ScareCrow is a payload creation framework for side loading (not injecting) into a legitimate Windows process (bypassing Application Whitelisting controls). Once the DLL loader is loaded into memory, it utilizes a technique to flush an EDR’s hook out of the system DLLs running in the process's memory. This works because we know the EDR’s hooks are placed when a process is spawned. ScareCrow can target these DLLs and manipulate them in memory by using the API function VirtualProtect, which changes a section of a process’ memory permissions to a different value, specifically from Execute–Read to Read-Write-Execute.
When executed, ScareCrow will copy the bytes of the system DLLs stored on disk in
C:\Windows\System32\. These DLLs are stored on disk “clean” of EDR hooks because they are used by the system to load an unaltered copy into a new process when it’s spawned. Since EDR’s only hook these processes in memory, they remain unaltered. ScareCrow does not copy the entire DLL file, instead only focuses on the .text section of the DLLs. This section of a DLL contains the executable assembly, and by doing this ScareCrow helps reduce the likelihood of detection as re-reading entire files can cause an EDR to detect that there is a modification to a system resource. The data is then copied into the right region of memory by using each function’s offset.
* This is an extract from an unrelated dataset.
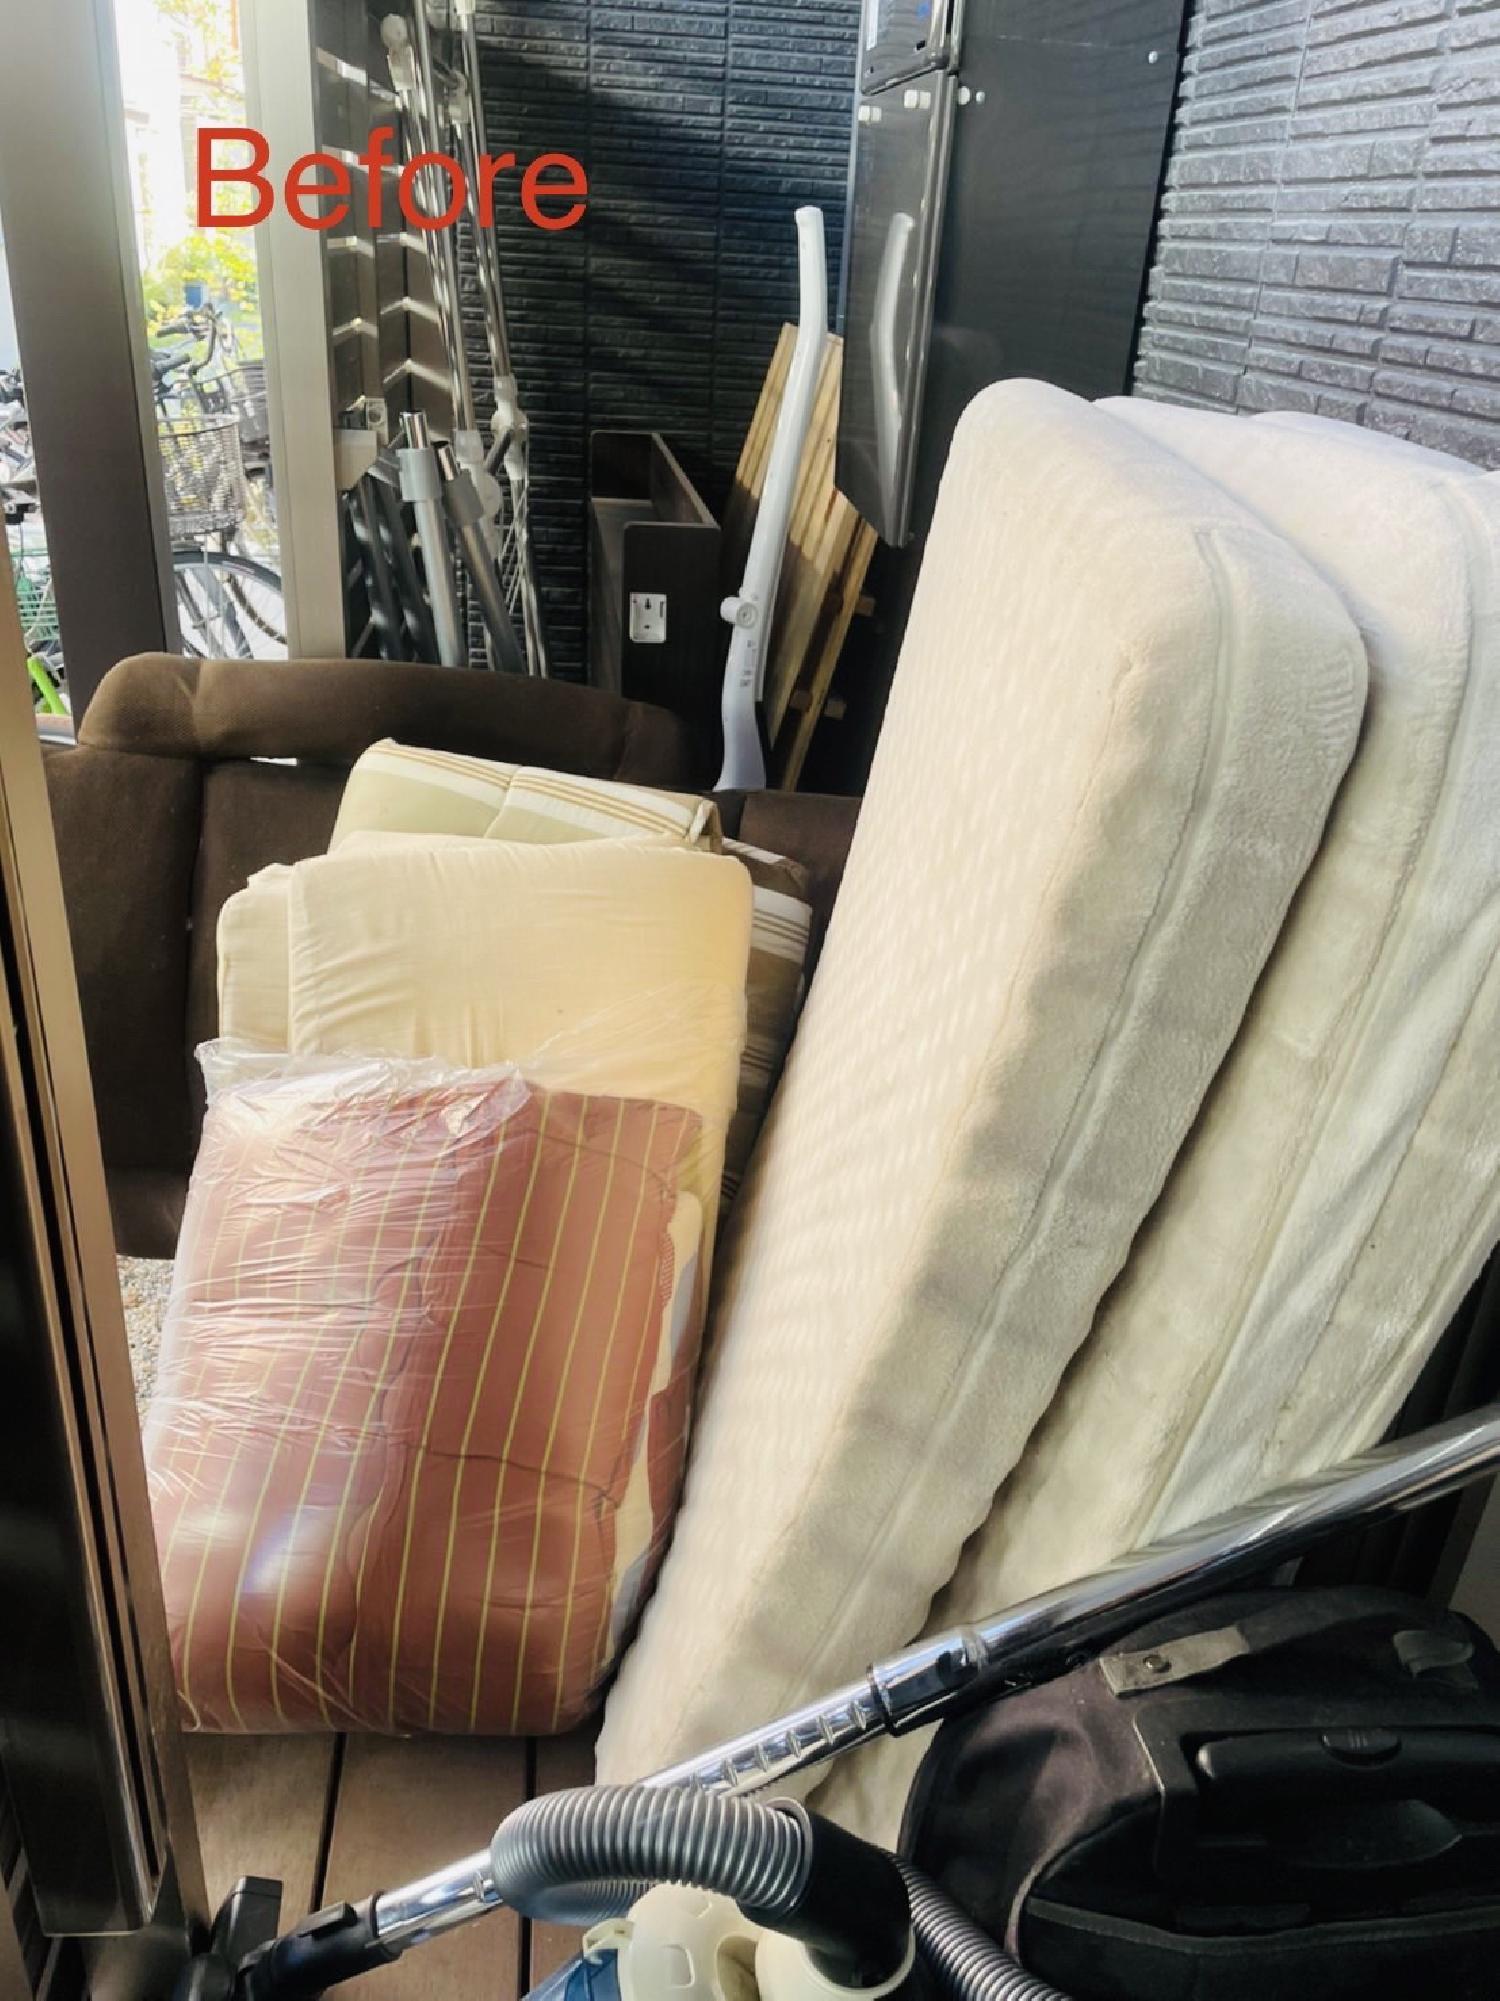 2021/09/18 19:00:00 京都市左京区下鴨のお客様より不用品回収のご依頼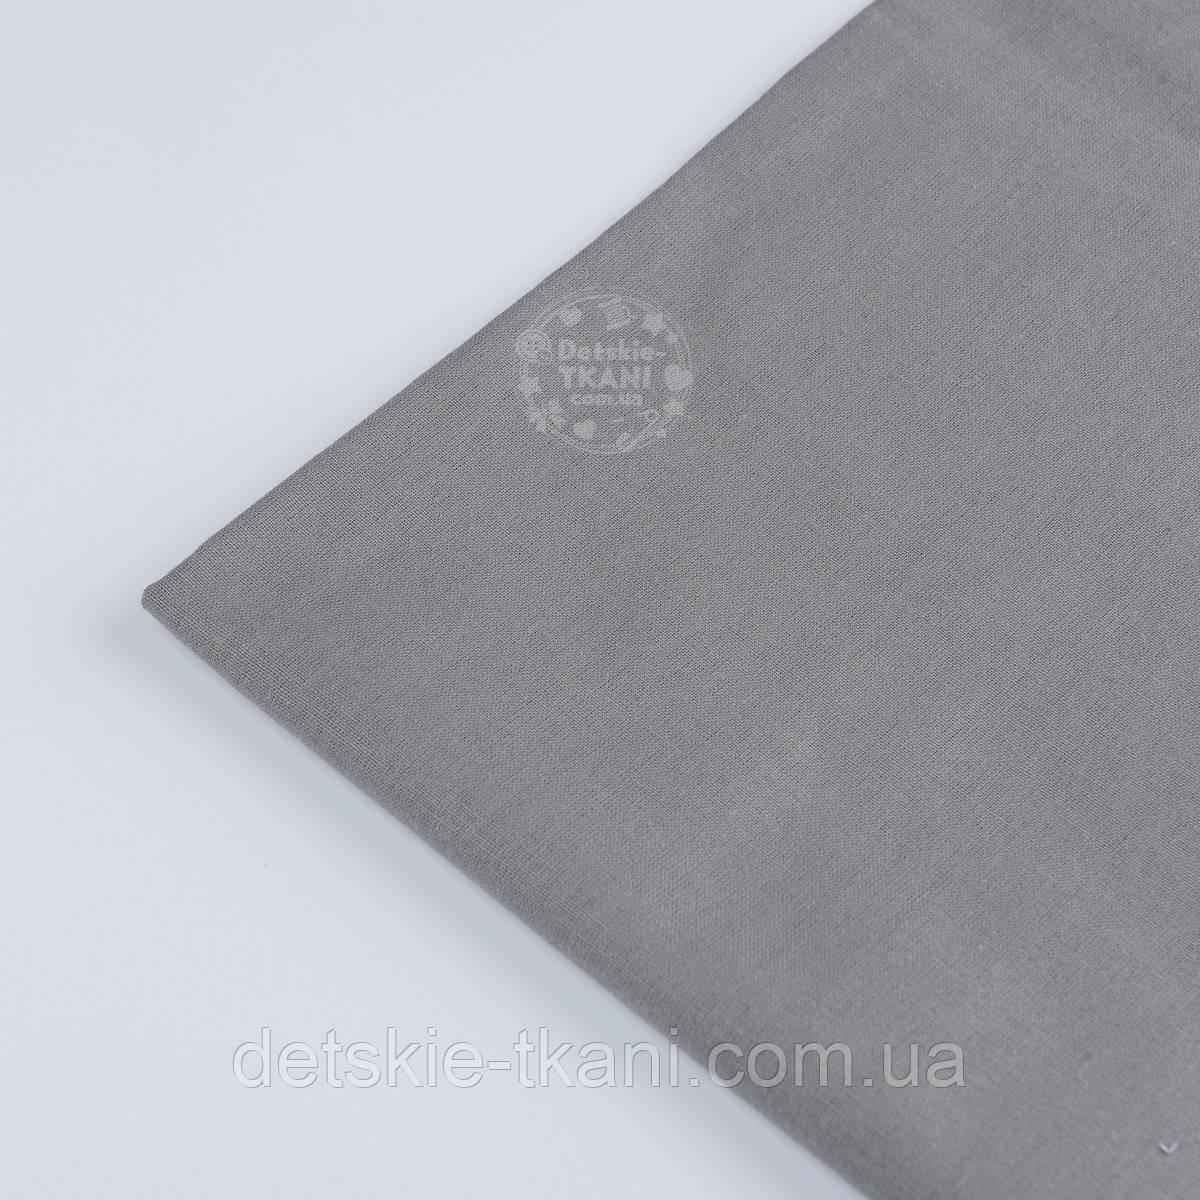 Лоскут ткани №152 однотонная  бязь графитового цвета

Each function has an offset which denotes the exact number of bytes from the base address where they reside, providing the function’s location on the stack.
To do this, ScareCrow changes the permissions of the .text region of memory using VirtualProtect. Even though this is a system DLL, since it has been loaded into our process (that we control), we can change the memory permissions without requiring elevated privileges.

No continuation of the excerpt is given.